Both the government and the media avoid giving truthful information about radiation.  In this confusing state, people of Fukushima prefecture continue to live there while being torn between concerns for safety and love for the place they call home.  Concern for the safety of food spreads nationwide.  For example, radiation tainted rice is blended in with other rice and is being consumed all across Japan.  We eat things without really knowing the safety of what we are eating.  When we turn on the television we see an endless chain of gourmet programs showcasing delicious foods.  People watching the programs act as if the contamination never happened and choose to ignore warnings by scientists that explain that the contamination of the ocean is spreading all the way to Canada.

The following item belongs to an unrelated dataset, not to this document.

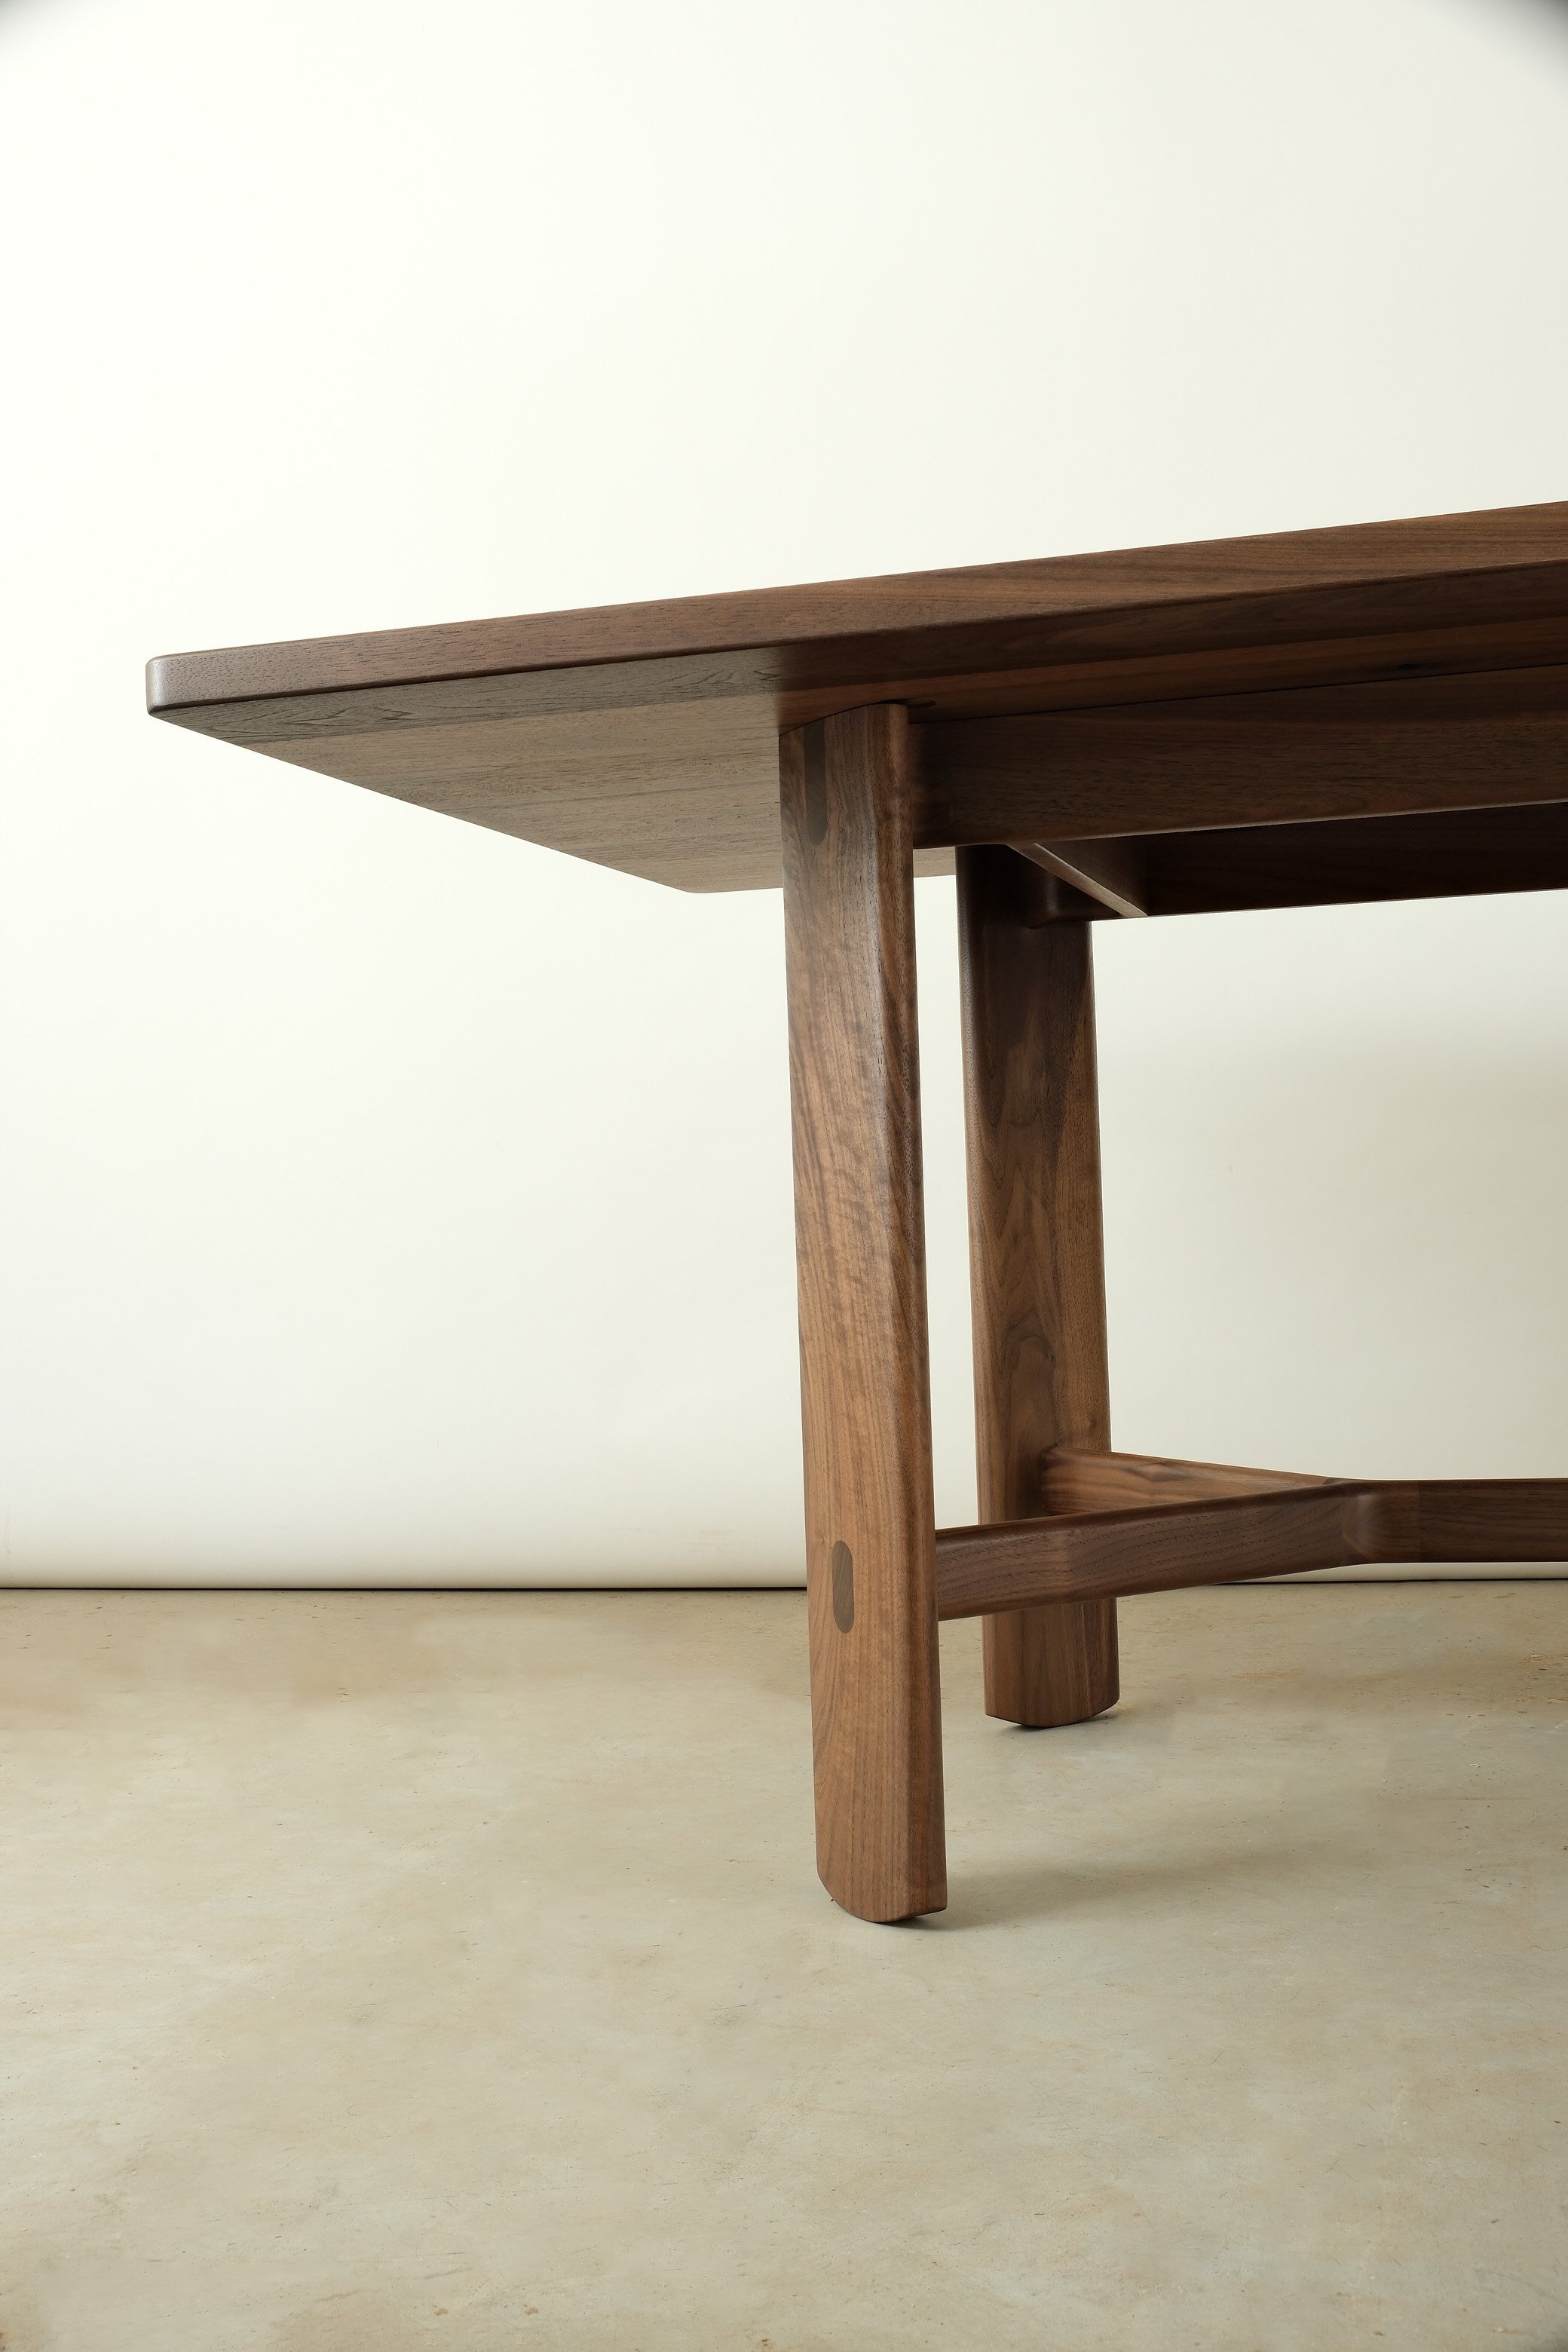 ghent dining table 3:4 low angle.JPG

What is happening in Japan will cause birth defects in newborn babies.  It will also cause children to be born with abnormality in their chromosome causing poor health.  We will definitely see a rise in the number of people born with disabilities.  What we cannot allow to happen is for these lives to be terminated by screening through testing the amniotic fluid during pregnancy or through prenatal diagnosis.  Some people point out that there are now increased numbers of abortions in Fukushima prefecture.  We need to actively fight against the internalized eugenic ideologies.  Our internalized eugenic ideologies tell us that we don’t want to give birth to babies with disabilities, that we don’t want to become disabled, and that we don’t want to grow old because growing old means that we deteriorate.  Simply put, internalized eugenic ideologies manifest in us in these messages we tell ourselves.  People may have different judgments of what is acceptable and what is not.  However, if we allow ourselves to create a world where certain people are worth living and certain people are not worth living, I cannot believe there is any future for human kind.